*** INFORMATION PROVIDED Section Begins ***

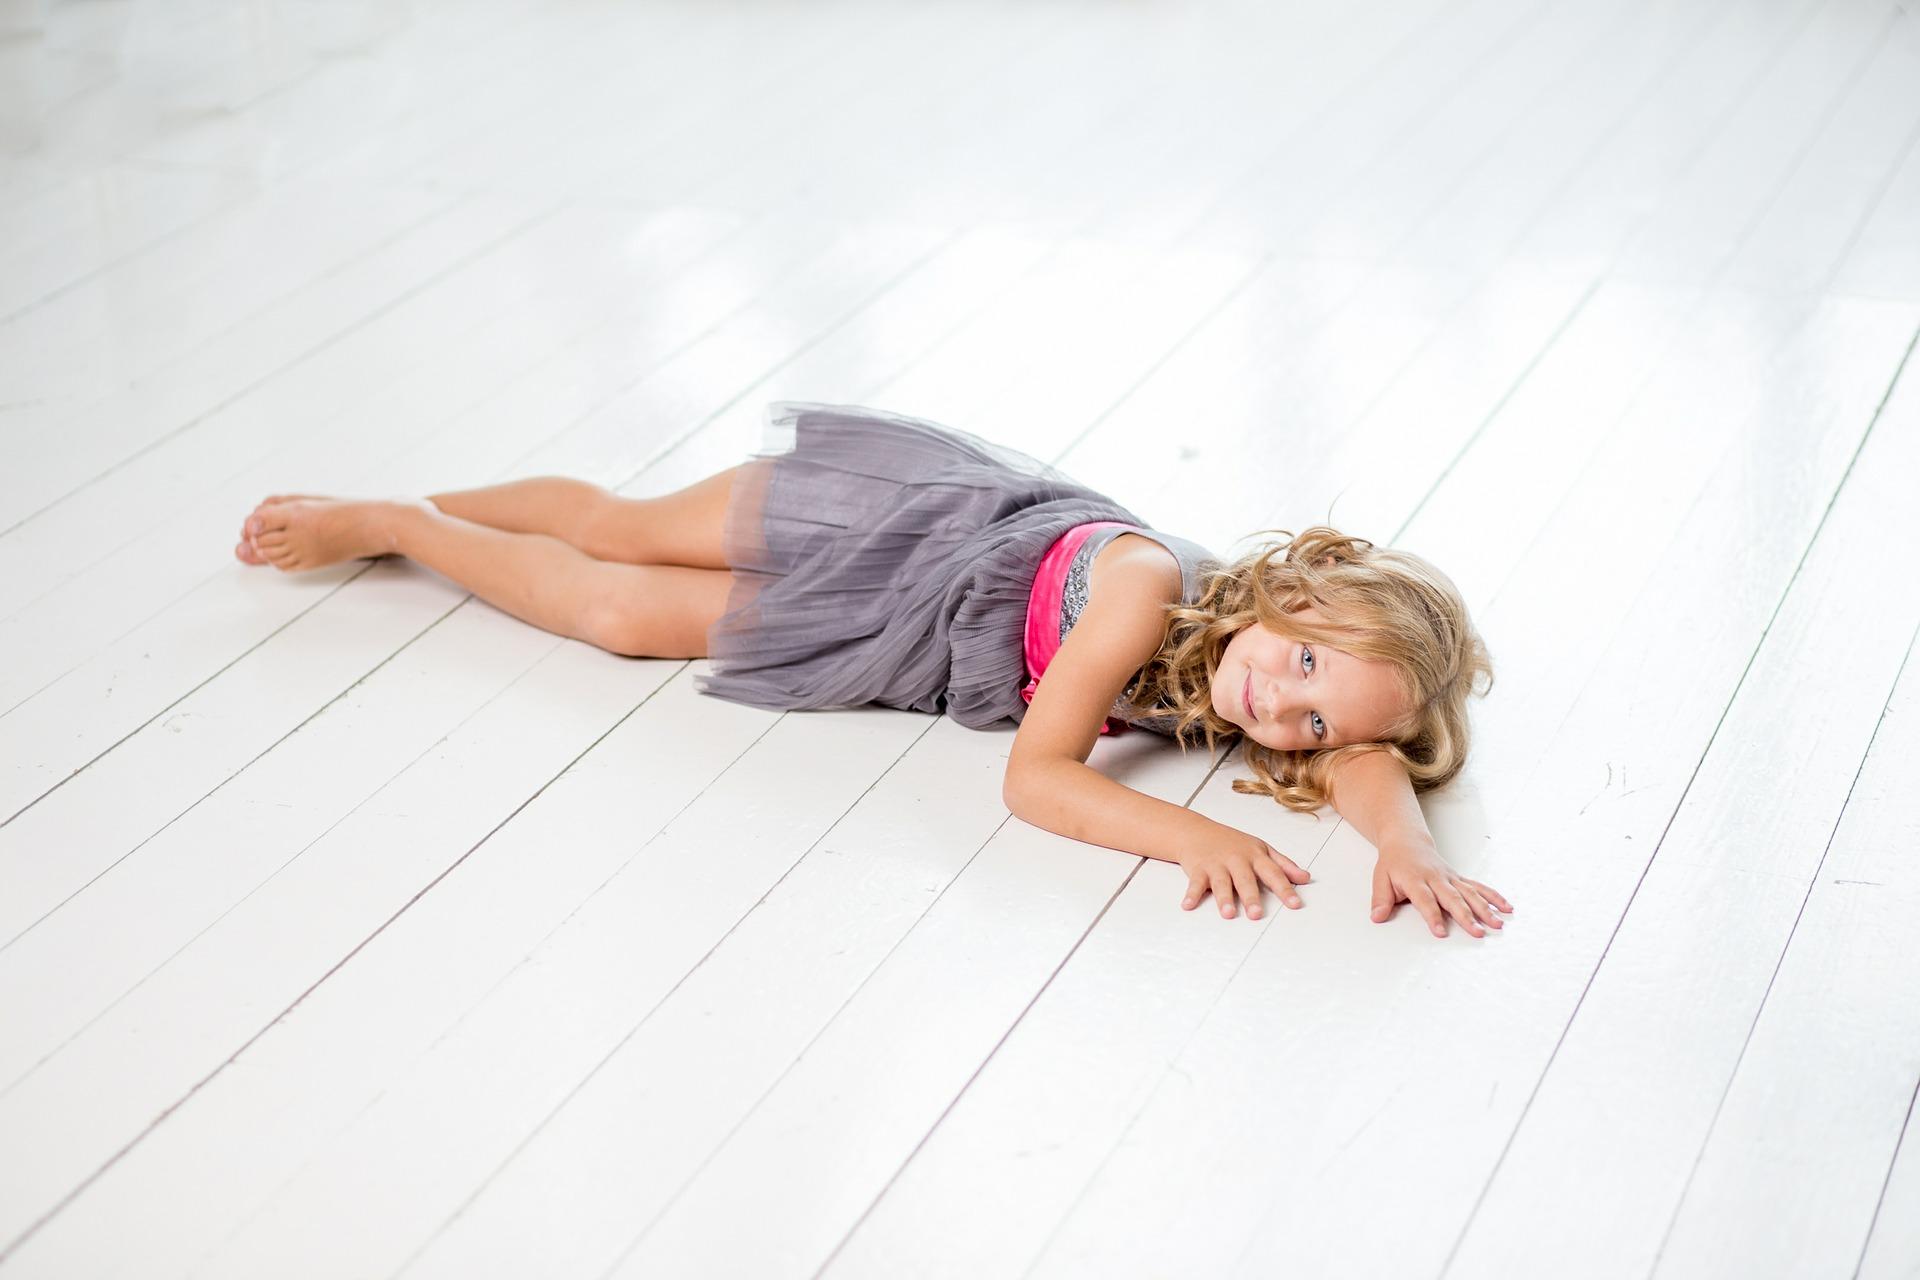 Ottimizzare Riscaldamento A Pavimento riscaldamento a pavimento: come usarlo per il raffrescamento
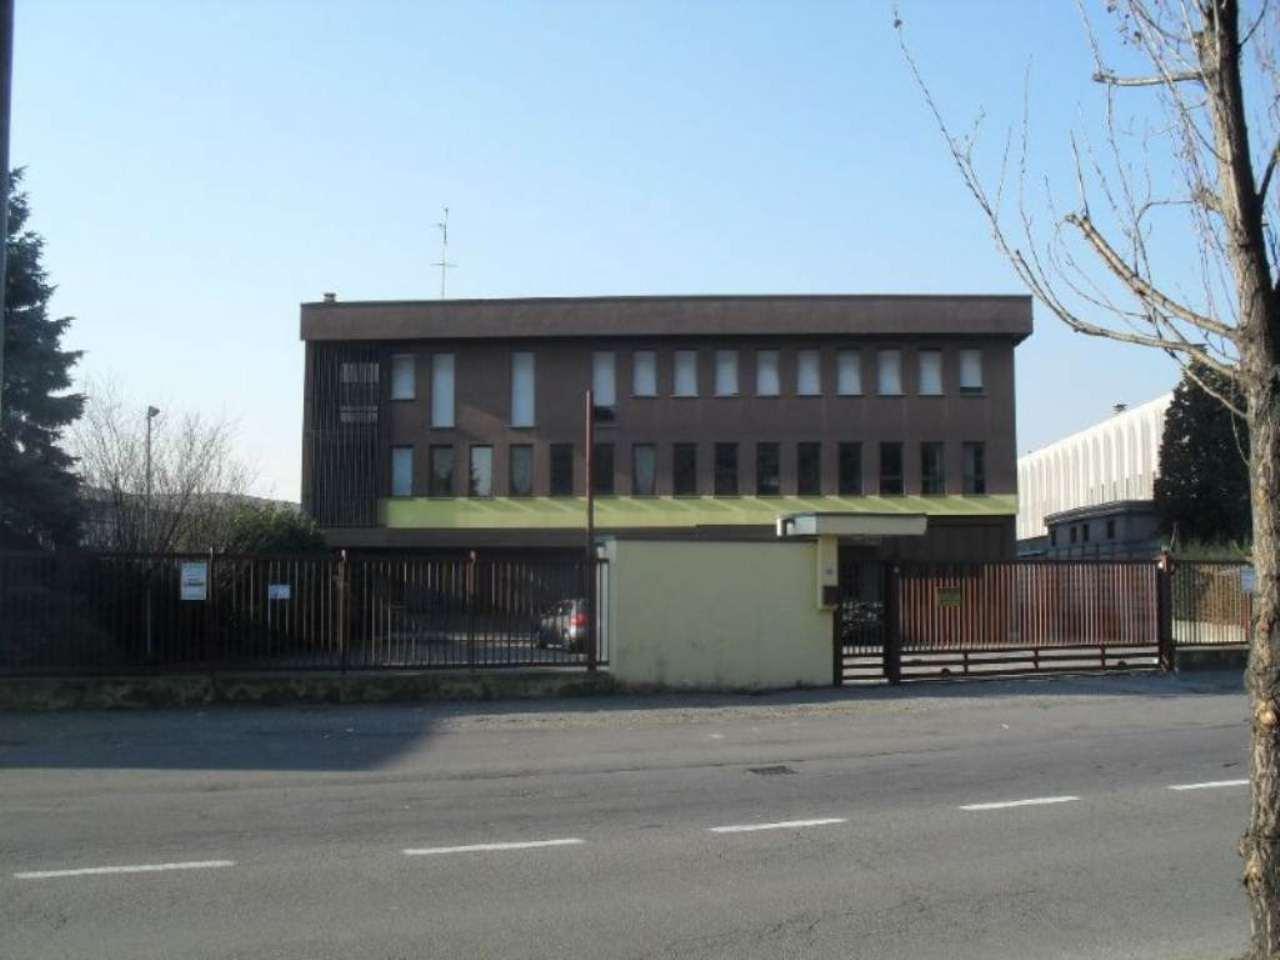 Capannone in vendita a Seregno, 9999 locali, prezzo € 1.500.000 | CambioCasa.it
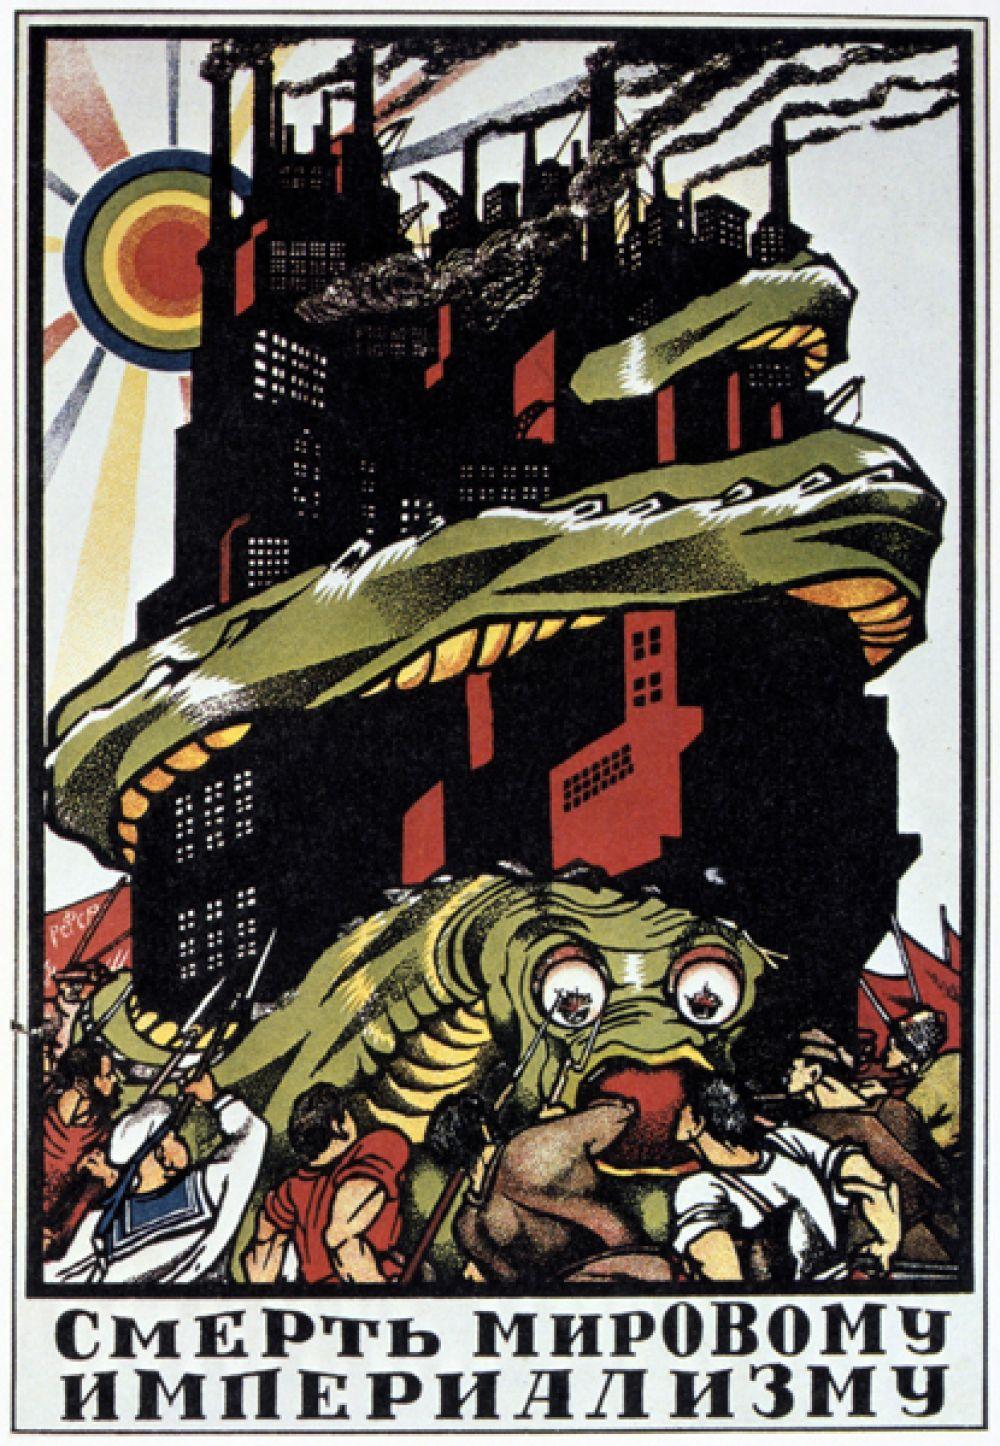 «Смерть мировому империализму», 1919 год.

*** INFORMATION PROVIDED Section Ends ***

EXERCISE: What is needed is every line from the one with "Capannone in vendita" to the final line of the listing above, set down exactly and with the pictures left out.

RESPONSE AREA:
 Capannone in vendita a Seregno, 9999 locali, prezzo € 1.500.000 | CambioCasa.it
 «Смерть мировому империализму», 1919 год.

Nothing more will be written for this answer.